Дмитрий встал, подошёл к окну и поманил к себе Сергия. Во дворе свита Великого князя ожидала возвращение своего господина. Кто-то молча сидел, кто-то молился. А молодёжь… Ну что поделаешь с буйной, горячей молодой кровью, которая бурлит и пенится?
Михаил Акинфов и Мишка Бренок на заднем дворе, чтобы не дай Бог не помешать своим шумом разговору святого с Великим князем, устроили потешный бой друг с другом. Сняв с себя оружие и брони – чтоб не звенели, они боролись, умело сочетая приёмы борьбы с ударами руками и ногами. Впрочем, по лицу не били – не дай Бог синяк поставишь! Им никто не мешал – хоть какое-то развлечение!
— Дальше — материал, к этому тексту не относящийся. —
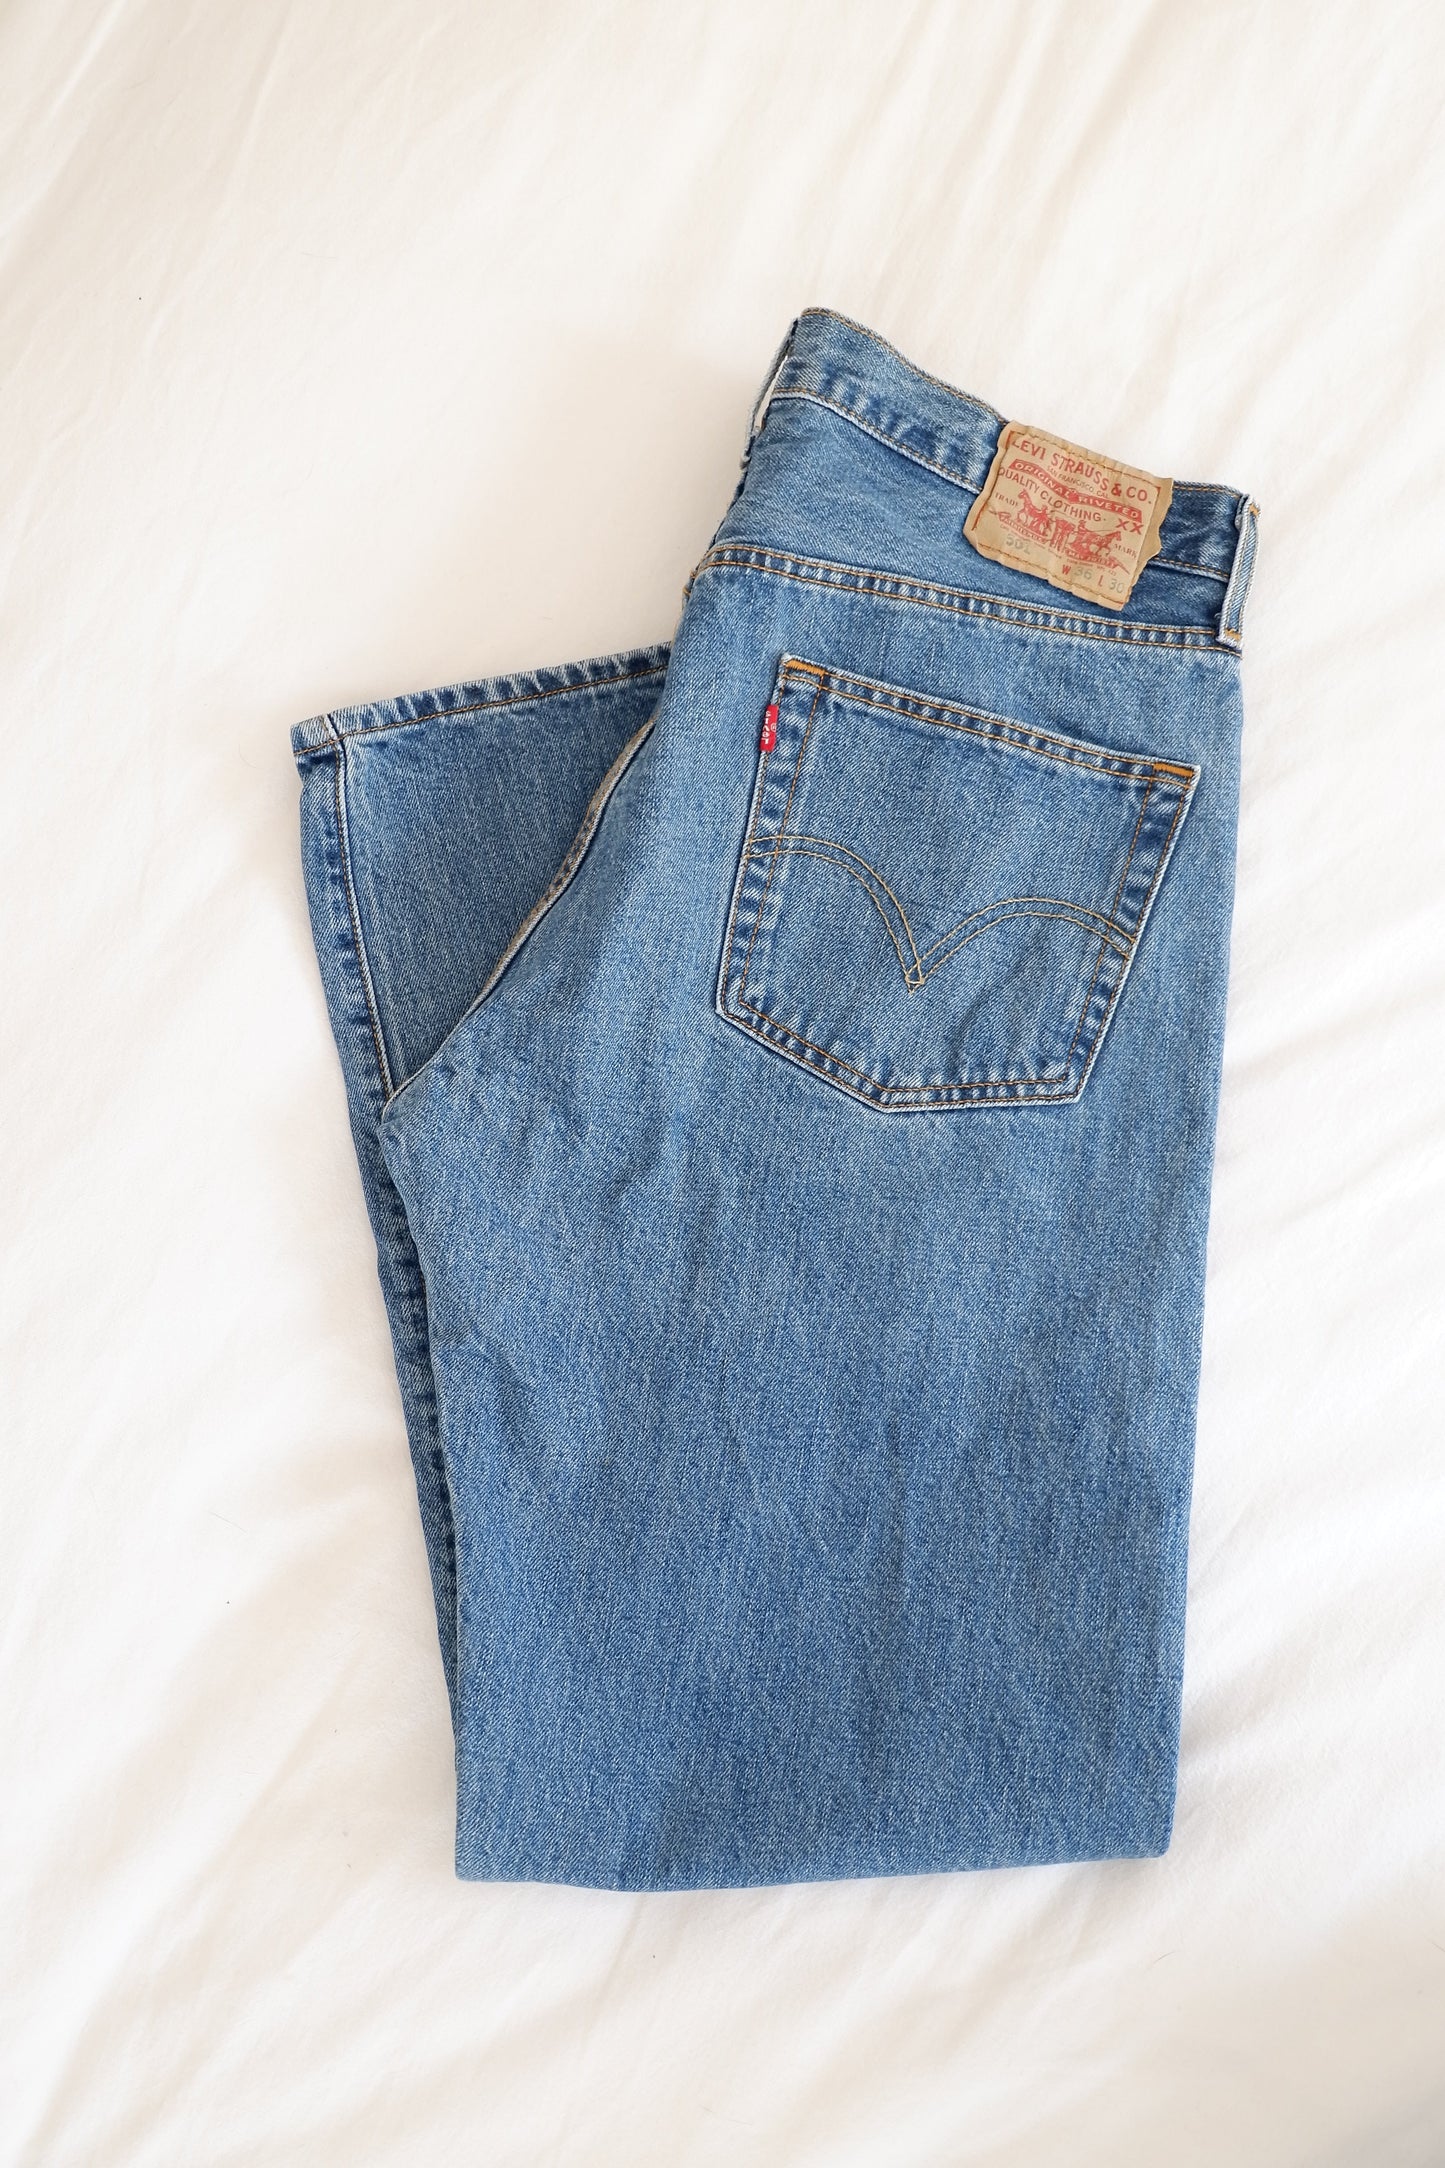 Levis 501 Medium Wash Relaxed Fit Straight Leg Jeans - 34
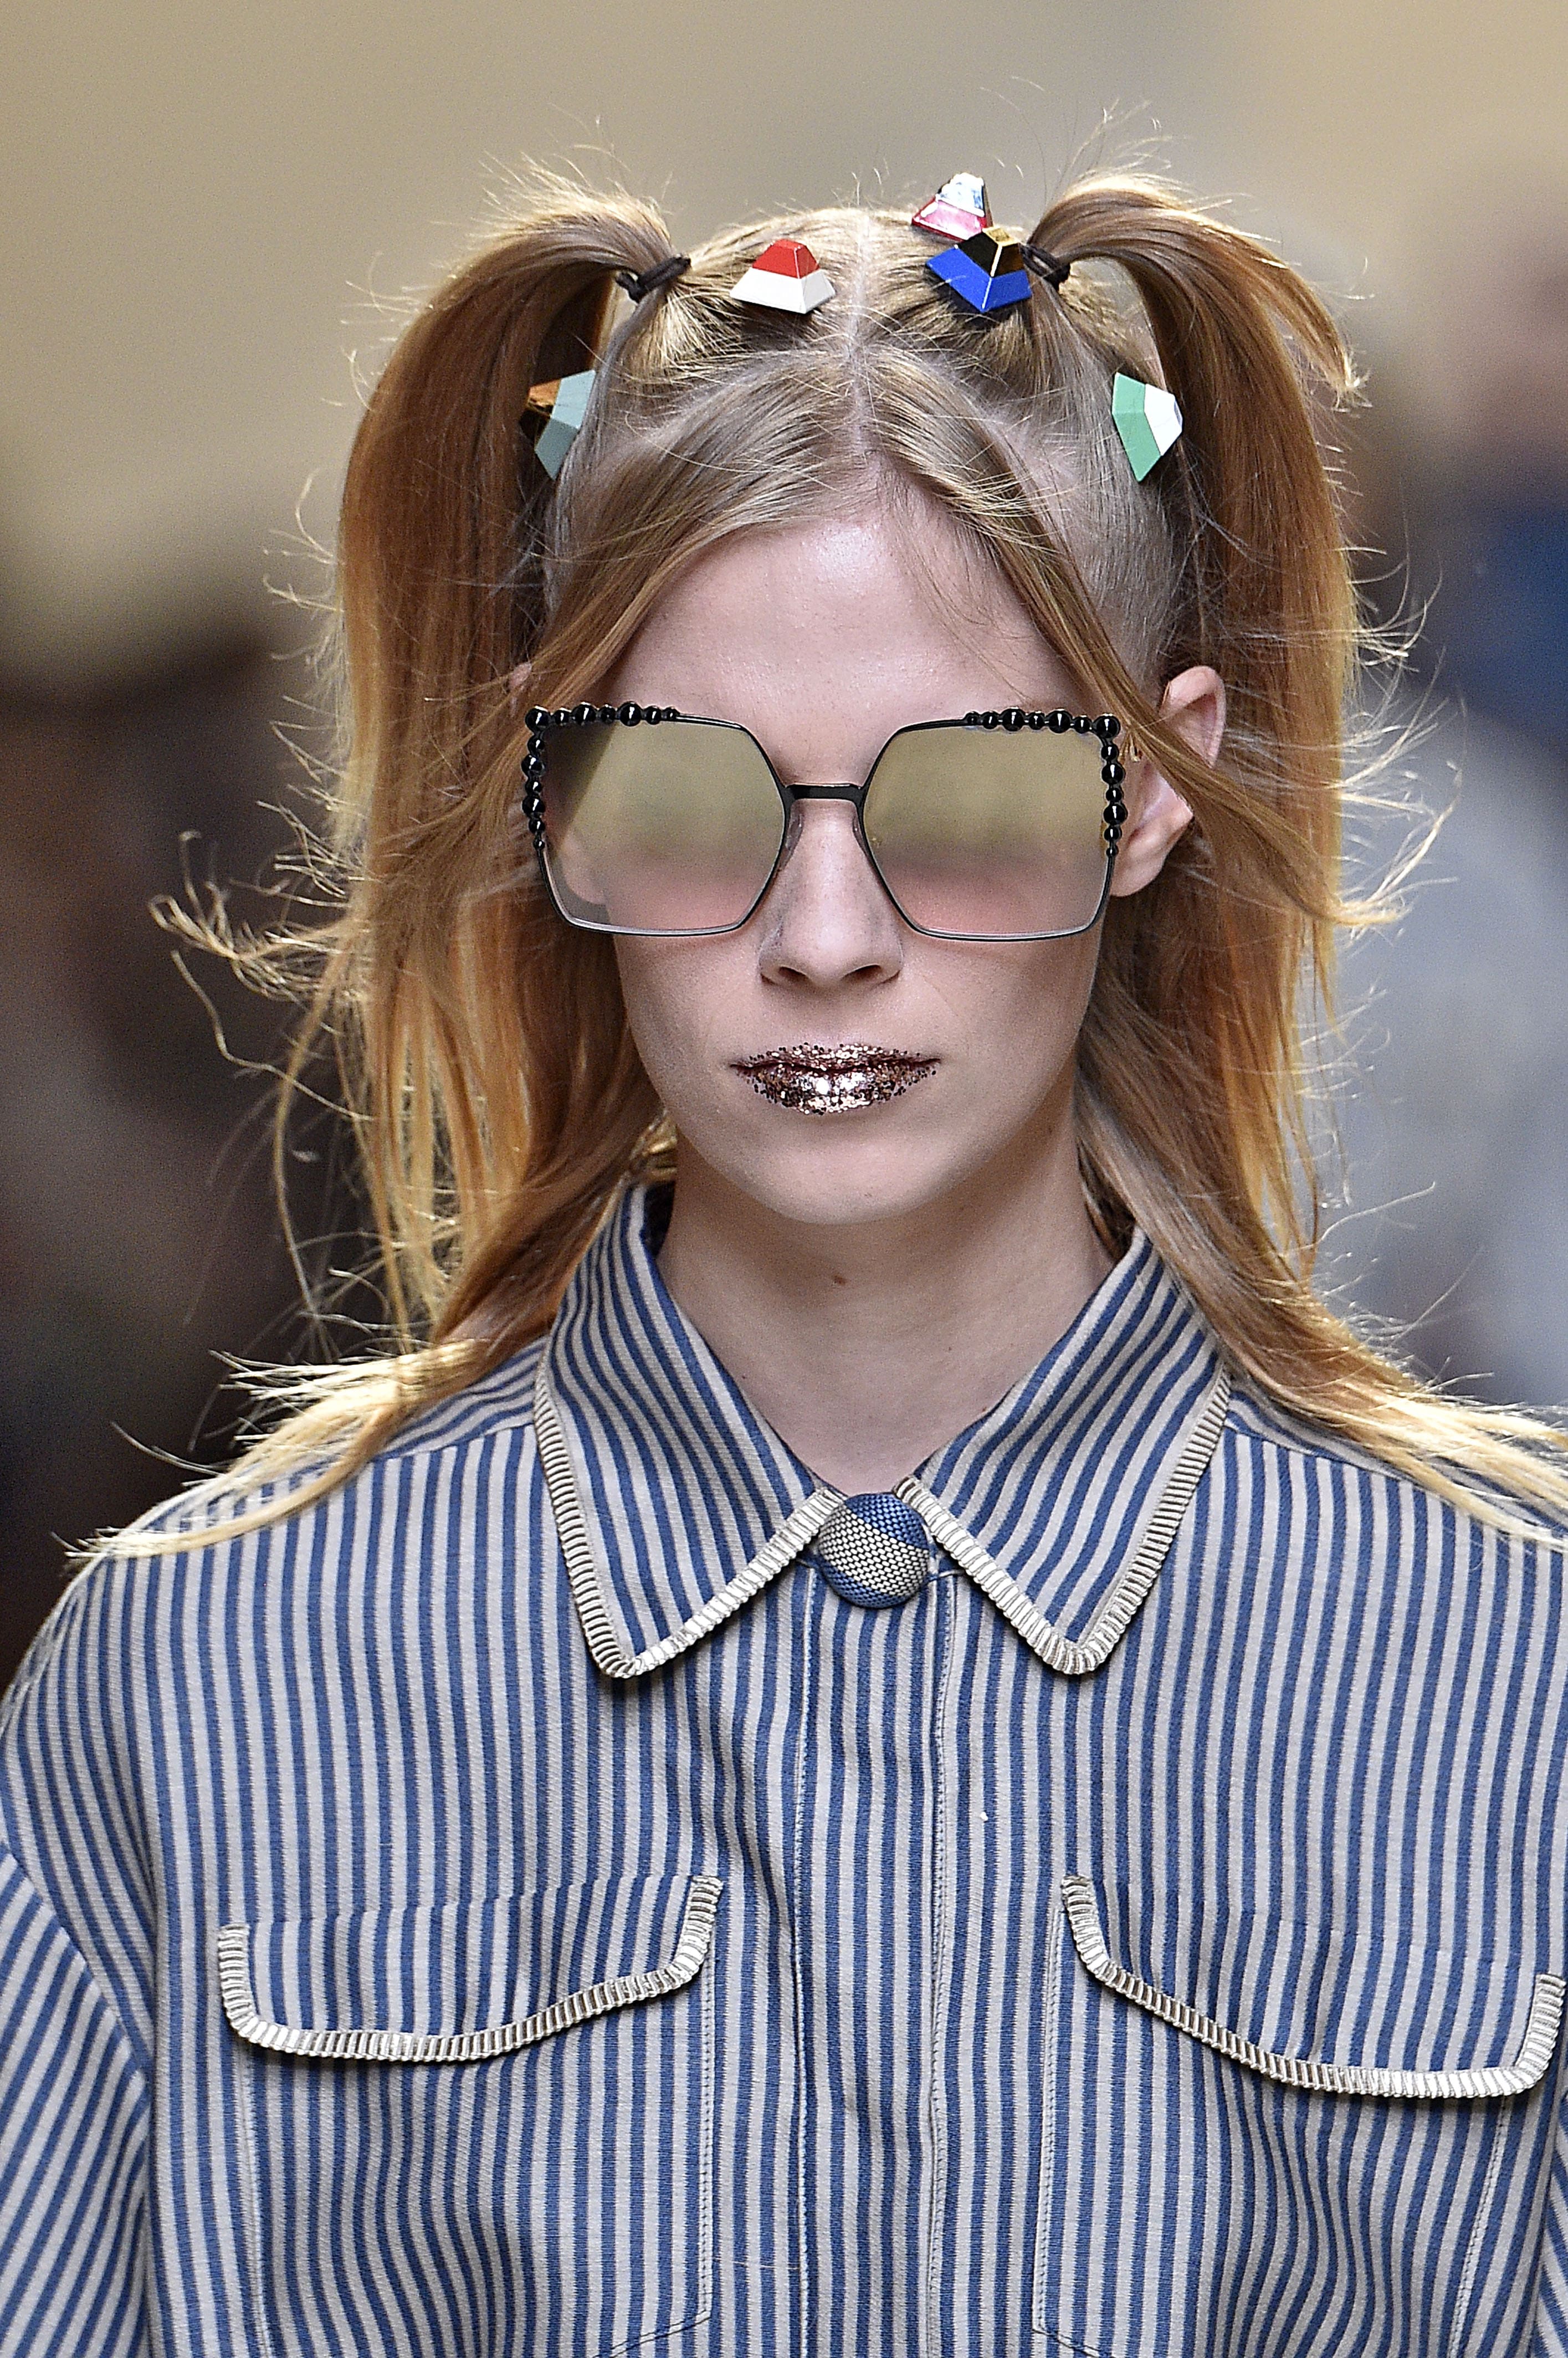 model on the Fendi SS17 runway with blonde hair worn in pigtails with candy look accessories attached and glitter lips wearing a striped outfit

И вот сейчас Михаил Акинфов попытался ударить Бренка в грудь. Мишка ловко отбил руку противника, и, перехватив её у локтя своей правой рукой, рванул на себя. Боярин потерял равновесие, полетел вперёд. Бренок изловчился, и прежде чем Акинфыч упал, успел левой рукой дать ему затрещину, а ногой – пинок для скорости. Но, несмотря ни на что, Михаилу всё же каким-то чудом удалось удержался на ногах.
Все так или иначе наблюдали за ними – Семён Мелик и Григорий Капустин внимательно следили за поединком, оценивая правильность того или иного приёма. Владимир Серпуховской со своими людьми откровенно болел за сына Ивана Акинфовича, Грунка Федор за Бренка, а Андрей Серкиз и Иван Толбуга, разговаривая о чём-то своём, лишь изредка удостаивали поединок своим взглядом, снисходительно мотая головой, когда тот или иной борец допускал очередную ошибку.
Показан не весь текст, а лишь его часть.